Лукпан Ахмедьяров — журналист, гражданский активист, главный редактор газеты «Уральская неделя», автор и со-автор документальных фильмов. Один из лучших журналистов страны, живой символ профессионализма и гражданской смелости в независимых медиа Казахстана.
Лукпан Ахмедьяров провел несколько гражданских акций в защиту прав и свобод. Он неоднократно подвергался провокациям, антиконституционным задержаниям и арестам. Пережил покушение. За гражданское мужество и защиту принципов независимой журналистики Лукпан Ахмедьяров удостоен международной премии Питера Маклера, присуждаемой международной правозащитной организацией «Репортеры без границ».
Лукпан Ахмедьяров поделился с ADAMDAR/CA мыслями о детстве и первых шагах в журналистике, о своем городе и своей стране.
ДЕТСТВО
Я родился в самый короткий день 1975 года – 23 декабря. Я последний, пятый, ребенок своих родителей — сельского прораба и фельдшера.
Так как я рос в большой семье, то многие ништяки советского детства и юношества прошли мимо меня. В частности, у меня не было своего велосипеда в детстве, а в юношестве — гитары, магнитофона или мопеда. Все это приобреталось старшим братьям, а мне доставалось по наследству. Поэтому, если б ты увидел, в каком виде до меня дожил асхатовский магнитофон «Романтик», то по его внешнему виду понял бы, что жизненный опыт магнитофона был богаче моего.
Мы с семьей жили в поселке Новопавловка, это километров сорок от Уральска. Новопавловка – поселок, в котором компактно проживают этнические украинцы. Оттуда мои первые детские воспоминания… После Новопавловки мы переехали в поселок Аксуат. В Аксуате по соседству с нами жила русская семья — учительница и ее престарелая мать. Моя мама больше трех месяцев ходила в их дом: пожилая женщина умирала от какой-то тяжелой болезни, и мама каждый вечер делала ей уколы. Когда я впервые пришел в этот дом, я увидел, что от пола до потолка, начиная с прихожей и заканчивая залом, все пространство было заставлено книгами. Я испытал там что-то похожее на то, что чувствовала Алиса в Зазеркалье. Я стал ходить в этот дом с мамой каждый день. Пока мама облегчала муки умирающей женщины, ее дочь-учительница каждый день потихонечку учила меня чтению. В пять лет я прочитал свои первые книги.
Все пространство было заставлено книгами. Я испытал там что-то похожее на то, что чувствовала Алиса в Зазеркалье.

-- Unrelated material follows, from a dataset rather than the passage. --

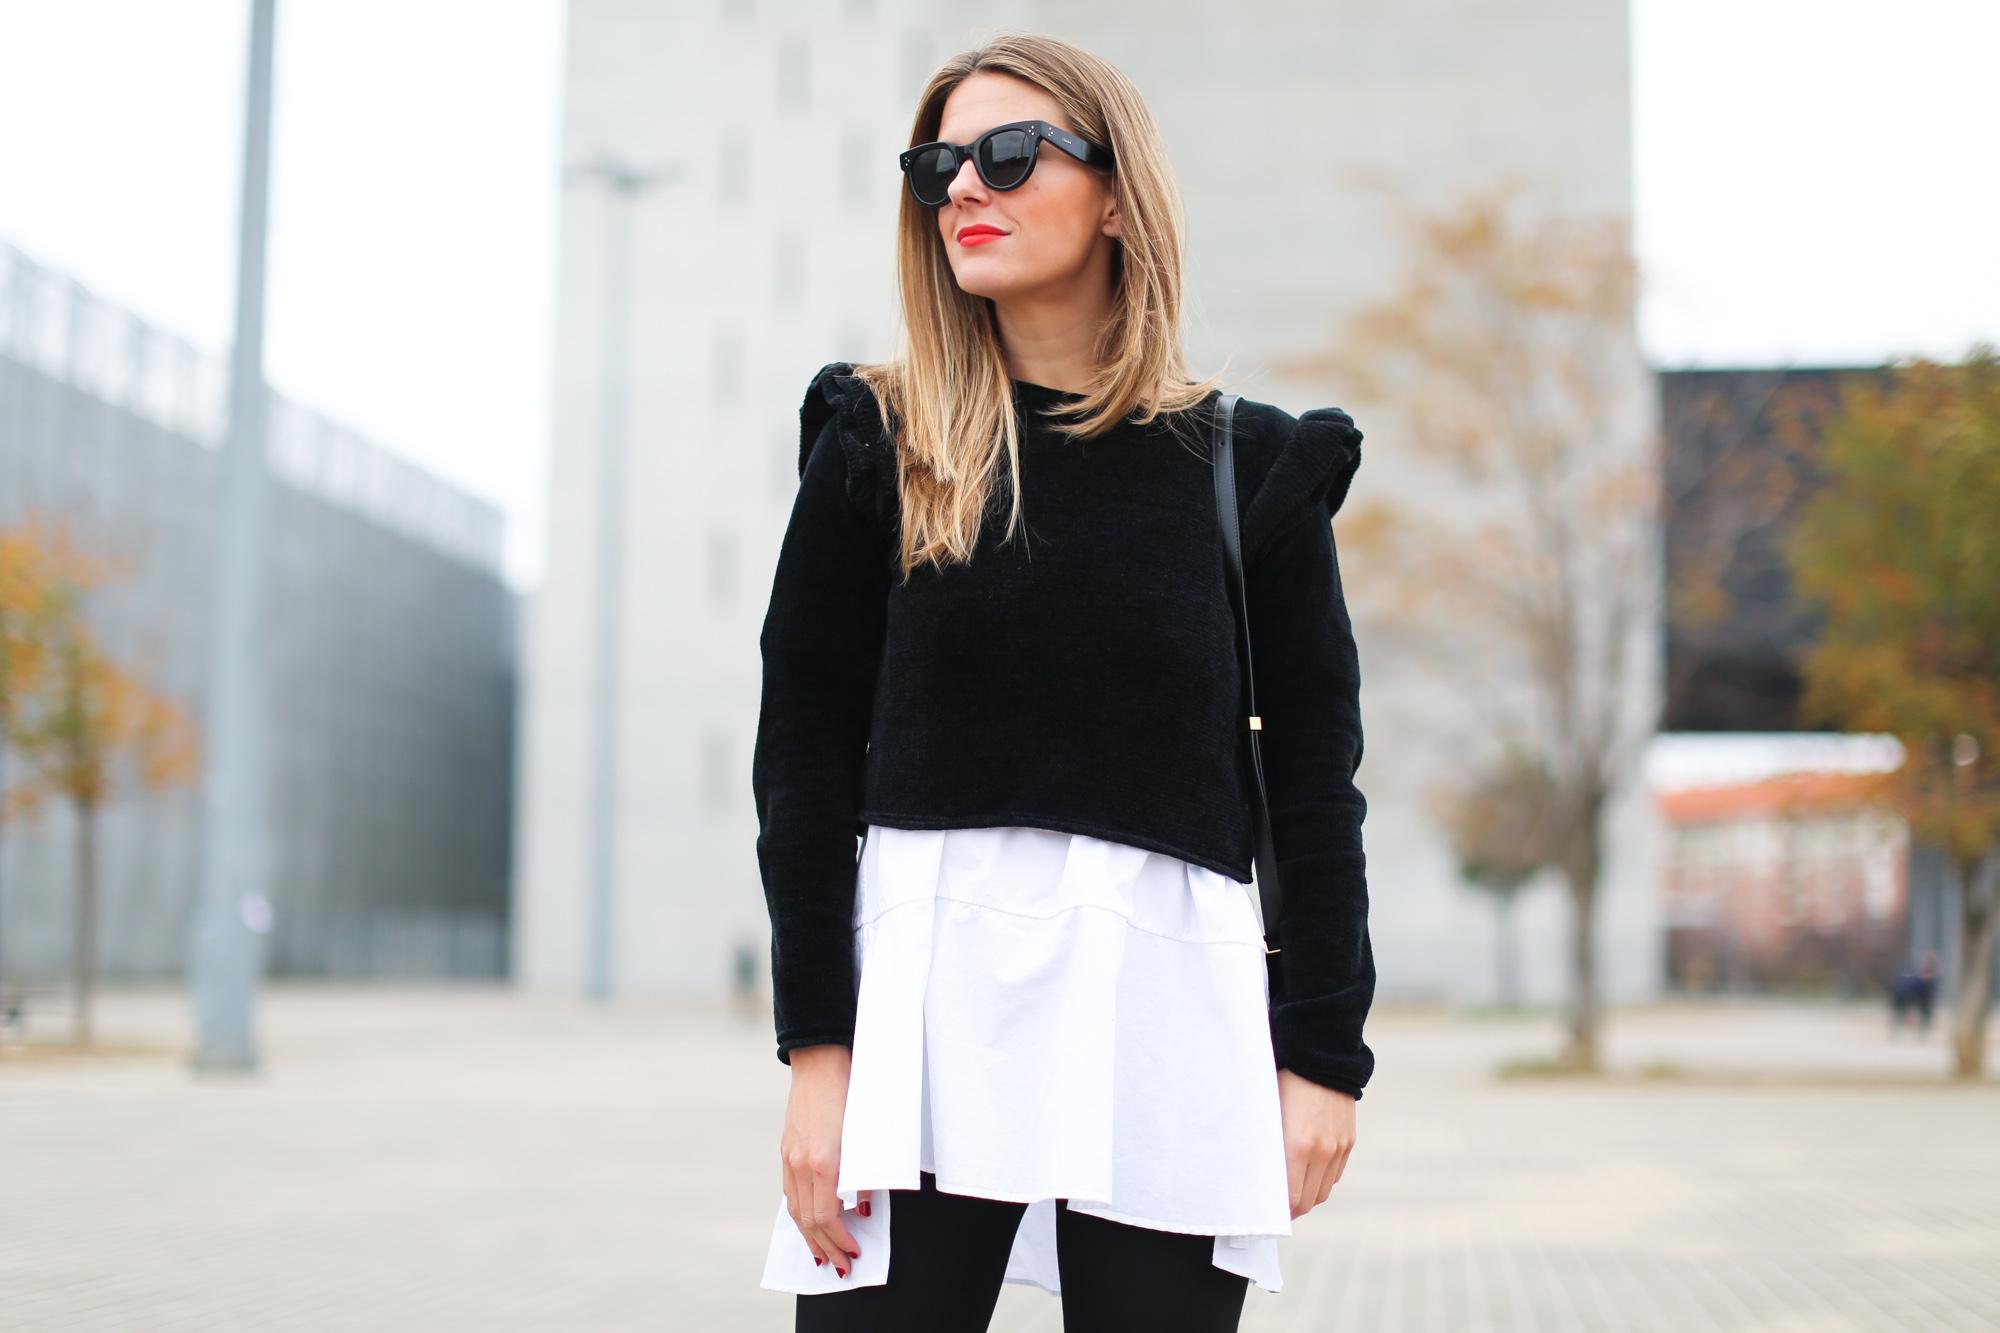 Clochet_streetstyle_fashionblogger_bilbao_yvessaintlaurentbeauty_Blackopiumeaudeparfum_rougerpurcouturecollector_toucheeclat_couturebrowpalette_maquillajenavidad_-6

В нашем ауле было только два человека, которые прочитали все книги в школьной и в колхозной библиотеке. Первый из них – мой сосед Куаныш, он старше меня на три года. А второй главный читатель в нашем ауле – это я. Куаныш, кстати, первым познакомил меня с понятием «прав человека». Когда я учился в 7 классе, Куаныша за что-то исключили из комсомола. Позже выяснилось, что на уроке обществоведения он загнал учителя в тупик, заявив, что любое государство, и СССР в том числе, — это всегда аппарат насилия.
ПИСЬМО
Страсть к написанию текста появилась не одномоментно. Наверное, самая первая веха, связанная с процессом создания текста, была в школе, когда я написал сочинение, которое принесло мне признание в масштабах школы.
Айгуль я встретил в институте. Влюбился в нее жутко, ухаживал за ней, бегал. В какой-то момент на курсе четвертом мне показалось, что моя любовь останется безответной… Я уехал к себе в поселок, и написал ей письмо. Письмо было длинное, около пятидесяти с лишним страниц, и это, наверное, вторая моя веха в написании текстов. Я получил прекрасное вознаграждение за то письмо: я женился на этой девушке. Поженились мы спустя 10 лет после первой встречи. Сейчас у нас две дочери – Аружан и Рания.
СЕЛЬСКИЙ УЧИТЕЛЬ
В 1996 году я закончил институт и устроился на свою первую работу – станцию юных туристов. Получив первую зарплату в виде двух мешков лука, я уволился. Вернулся в свой родной Аксуат и стал работать в школе учителем географии, биологии и почему-то истории. В школе проработал 4 года. За эти четыре года я потрепал директору нервы, отказываясь подписываться на областную и районную газеты. На четвертый год я сдался и оформил подписку на газету «Speed Info». Директор этому не обрадовалась, зато безумно были рады наш военрук и физрук.
Ушел я из школы сам. Через три месяца после ухода услышал по радио, что в Уральске открывается независимая частная газета. Я пришел по указанному адресу и тогда впервые увидел Тамару Еслямову . Она спросила, есть ли у меня опыт работы в журналистике. «Да,» – соврал я. «Отлично!» – сказала Тамара и дала мне какой-то пресс-релиз, который нужно было переделать в новость. Когда Тамара увидела, как я одним пальцем медленно набираю текст на клавиатуре, она поняла, что опыта журналиста у меня нет, но выгонять не стала. Дала мне том «Войны и мира» и посадила за комп перепечатывать его. К утру я дошел до середины тома и относительно бегло начал печатать обеими руками. Так я стал журналистом.
ЗАДЕРЖАНИЯ
В первый раз меня задержали в 2008-м. Это произошло из-за того, что здесь, в Уральске, аким области подал в суд на одного общественного деятеля и обвинил его в клевете, а нас, журналистов, которые писали об этом, привлекли в суд в качестве свидетелей. Я пришел в суд и сказал, что не хочу участвовать в этом балагане. Меня закрыли на пять суток, как они сказали — за неуважение к суду.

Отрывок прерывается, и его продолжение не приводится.